243: ¿Quién es ese hombre?
Frustrada por no encontrar nada, Elaine volvió a su fiesta e inmediatamente comenzó a irradiar energía positiva para ocultar su búsqueda fallida.
«¿Adónde podría haberse ido?
El Rey Sigismund siempre tiene un propósito para lo que hace.
No habría huido por un simple capricho».
Elaine cerró los ojos y tomó un respiro profundo.
«He hecho todo lo que pude.
Solo disfruta de tu fiesta y confía en que tus guardias hagan su trabajo.
Aunque me vendría bien un poco de aire fresco».
Antes de que la notaran, Elaine tomó una copa de vino del bar y se dirigió afuera hacia el balcón.
Estaba a punto de doblar una pequeña esquina que estaba apartada del resto de la vista del balcón, pero entonces escuchó un par de voces riendo.
Una no la identificó, pero la otra la conocía demasiado bien.
Asomándose en la esquina para investigar por qué el hombre que estaba buscando se escondía en el balcón, soltó un pequeño jadeo cuando se dio cuenta con quién estaba hablando Sigismund.
«¿Por qué él?
¿Por qué ahora?
¿Habrá realmente una conspiración que Eleni no detectó?».
Esconderse donde estaba no le daría respuestas, así que decidió acercarse a investigar, después de todo era su fiesta, podía ir donde quisiera.
Mientras se acercaba, escuchó parte de la historia de Sigismund.

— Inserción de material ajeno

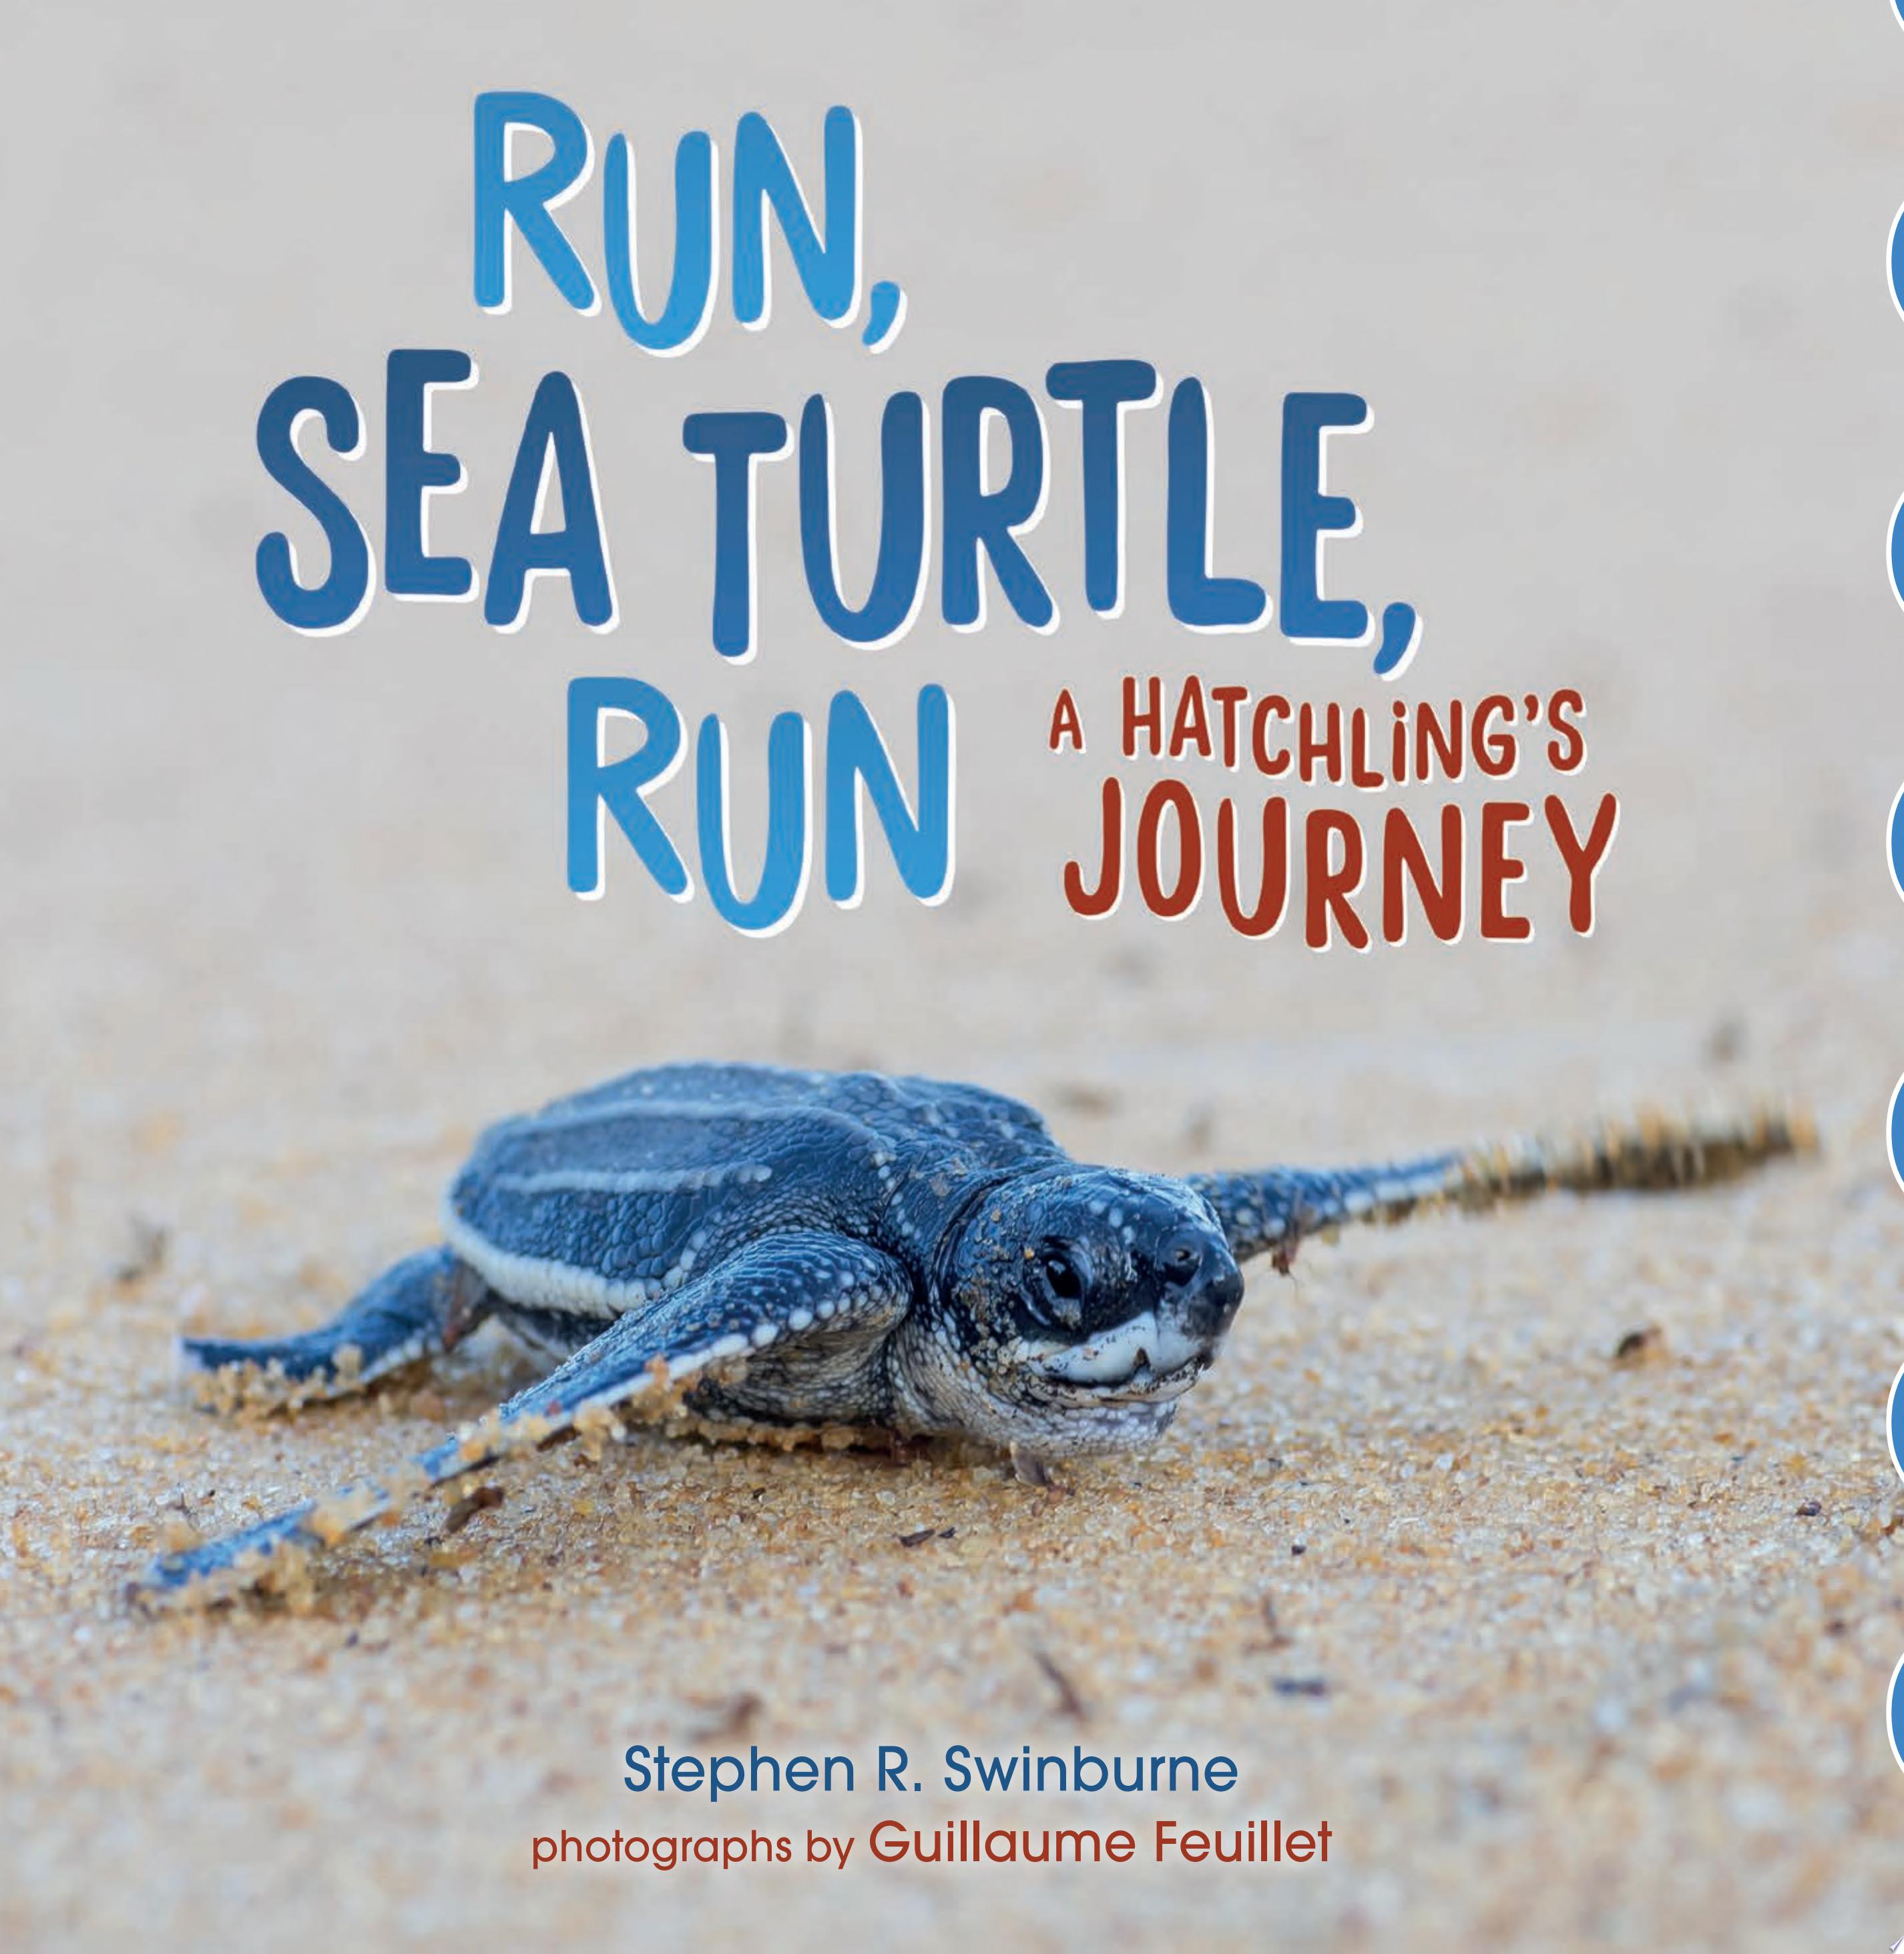 Image for "Run, Sea Turtle, Run"

—Así que le corté su fea cabeza con mi buen viejo Portador de la Muerte, y en un fluido movimiento, lancé la cabeza de su comandante directamente al segundo al mando de los Drakoshi.
Digamos que hablar de una retirada masiva de su parte es quedarse corto.
¡Jajajaja!
¿Gazik el Invicto?
Sí, claro.
¡Jajaja!
—¿Estoy interrumpiendo algo importante, buenos señores?
—dijo Elaine habiendo podido acercarse sigilosamente al humano más poderoso de Spartari.
Sigismund se dio la vuelta y su rostro decayó al ver a Elaine.
—Ay, mierda.
Quiero decir, no, nada importante Elaine.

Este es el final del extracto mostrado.